Decoder-only: generation and in-context learning

The GPT scaling trajectory showed that decoder-only models exhibit emergent capabilities at scale that encoder-only models do not: few-shot learning, chain-of-thought reasoning, instruction following. The causal architecture naturally supports open-ended generation. Every major LLM since GPT-3 (PaLM, LLaMA, Claude, Gemini) is decoder-only.

Encoder-decoder: structured input-output mapping

Translation, summarization, and any task with a clear input/output separation benefits from the encoder-decoder split. The encoder can build a full bidirectional representation of the input. The decoder can attend to this representation at every generation step via cross-attention. T5 cast all NLP tasks as text-to-text and showed competitive performance across the board.

Why Decoder-Only Dominates in 2024+

Three factors drove convergence toward decoder-only:

Simplicity. One architecture, one objective (next-token prediction), one training pipeline. Encoder-decoder requires managing two sets of parameters and cross-attention adds complexity.
Scaling behavior. Decoder-only models show smoother scaling curves. The scaling laws of Kaplan et al. and Hoffmann et al. were derived for decoder-only architectures.
Unification. With sufficient scale, decoder-only models handle classification (generate the label), extraction (generate the span), translation (generate the target), and reasoning (generate the chain). Specializing the architecture to the task becomes unnecessary.

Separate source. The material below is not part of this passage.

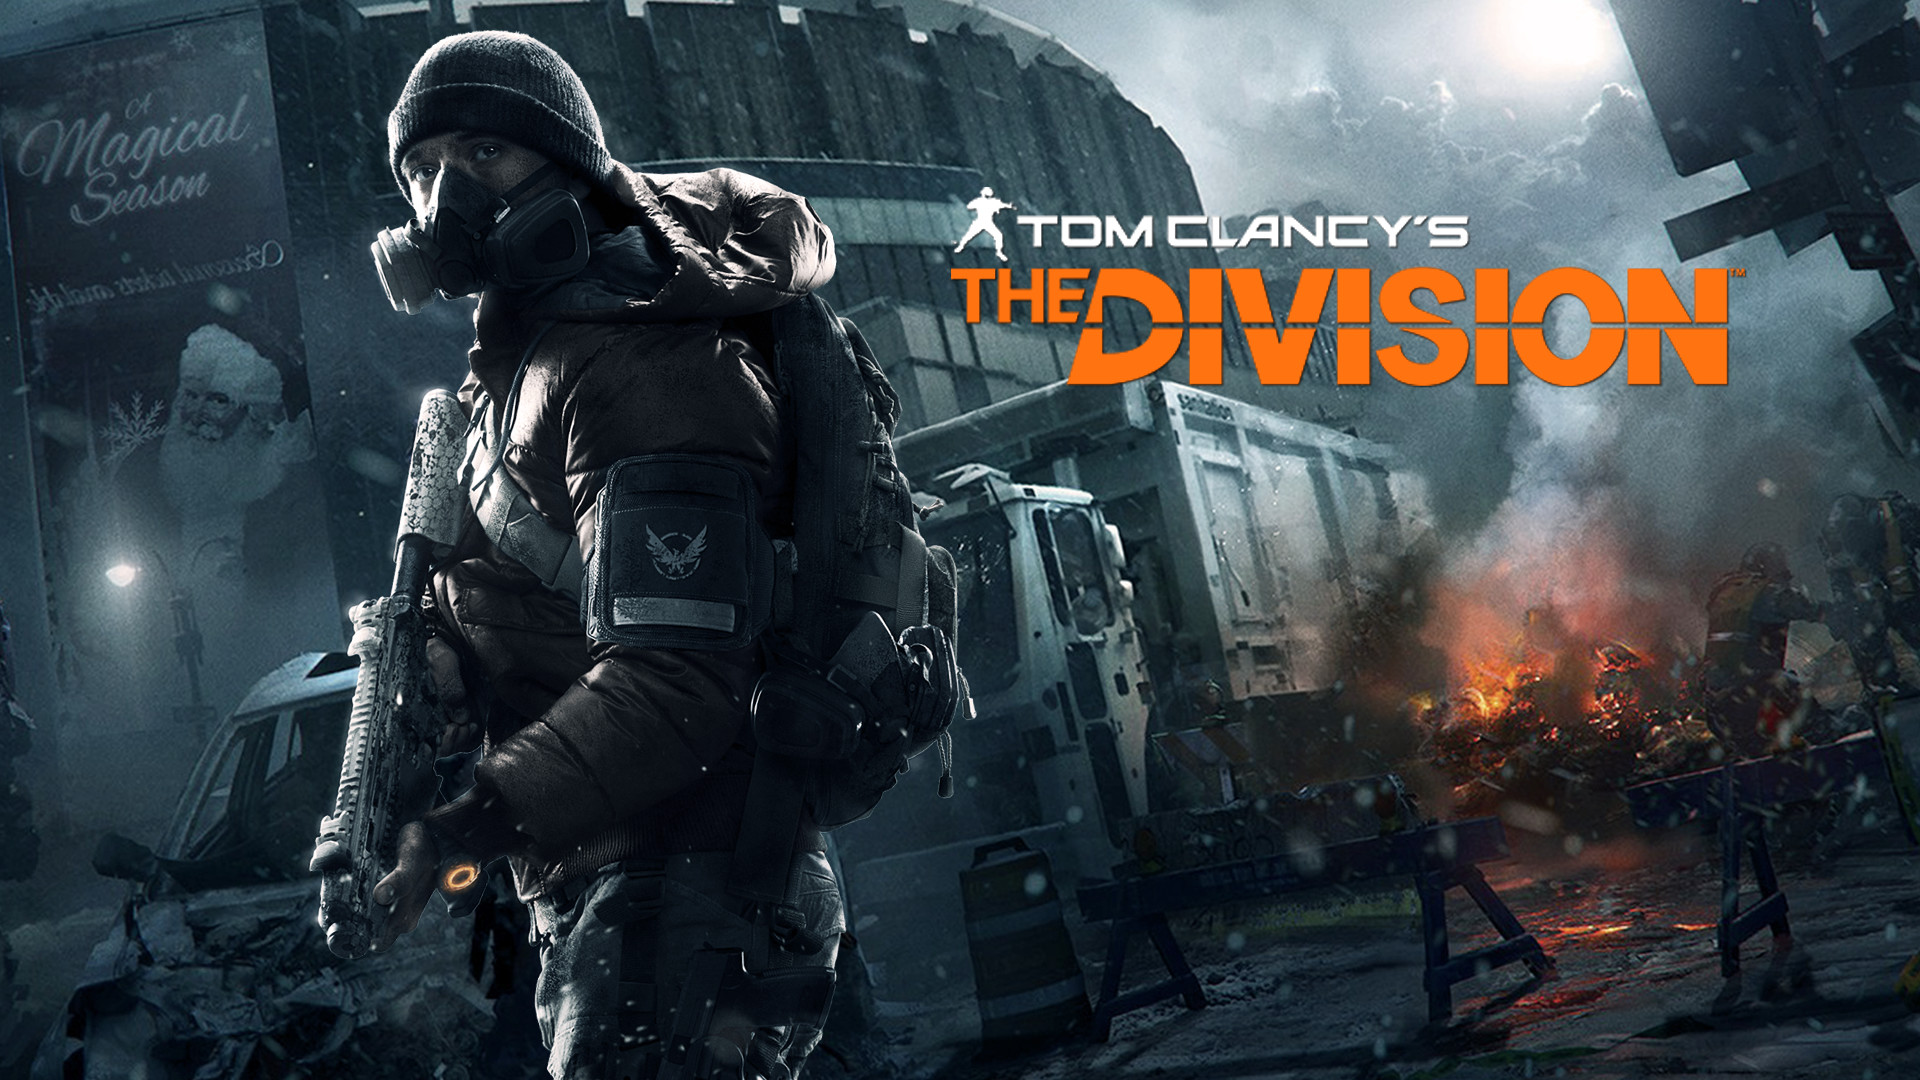 The Division – PS4 HD Wallpaper by EversonTomiello

The cost is that decoder-only models are less parameter-efficient for pure understanding tasks. A BERT-base (110M parameters) fine-tuned for sentiment analysis outperforms a GPT-2-base (124M parameters) on the same task, because bidirectional attention extracts more information per parameter for classification.

Common Confusions

Watch Out

Encoder-only does not mean no generation is possible

You can build a generative model on top of BERT-style encoders. Masked language models can iteratively predict masked tokens (as in non-autoregressive generation). BERT itself is not autoregressive, but the encoder architecture is not inherently incompatible with generation. It is simply less natural and less effective than causal generation at scale.

Watch Out

Decoder-only models still encode the input

A decoder-only model processing a prompt is encoding that prompt into internal representations via causal attention. The distinction is not that GPT lacks an encoder. The distinction is that the encoding is causal (each token only sees prior tokens), whereas a dedicated encoder uses bidirectional attention. The prompt prefix in a decoder-only model serves as a pseudo-encoder.

Watch Out

Cross-attention is not the same as concatenating encoder and decoder inputs

Cross-attention uses the decoder's queries and the encoder's keys and values. This is distinct from simply concatenating the input and output sequences and running a single decoder. Cross-attention allows the decoder to attend to the full encoder representation at every layer, while concatenation forces the model to route information through causal attention over the concatenated sequence.

References

Vaswani, A. et al. (2017). "Attention Is All You Need." NeurIPS 2017. (Original transformer with encoder-decoder architecture.)
Devlin, J. et al. (2019). "BERT: Pre-training of Deep Bidirectional Transformers for Language Understanding." NAACL 2019. (Encoder-only, masked language modeling.)
Radford, A. et al. (2019). "Language Models are Unsupervised Multitask Learners." (GPT-2, decoder-only autoregressive pretraining.)
Raffel, C. et al. (2020). "Exploring the Limits of Transfer Learning with a Unified Text-to-Text Transformer." JMLR, 21(140), 1-67. (T5, encoder-decoder, text-to-text framework.)
Brown, T. B. et al. (2020). "Language Models are Few-Shot Learners." NeurIPS 2020. (GPT-3, establishing decoder-only in-context learning.)
Wang, A. et al. (2019). "SuperGLUE: A Stickier Benchmark for General-Purpose Language Understanding Systems." NeurIPS 2019. (Benchmark comparing encoder-only models on understanding tasks.)
Tay, Y. et al. (2023). "UL2: Unifying Language Learning Paradigms." ICLR 2023. (Systematic comparison of pretraining objectives across architectures.)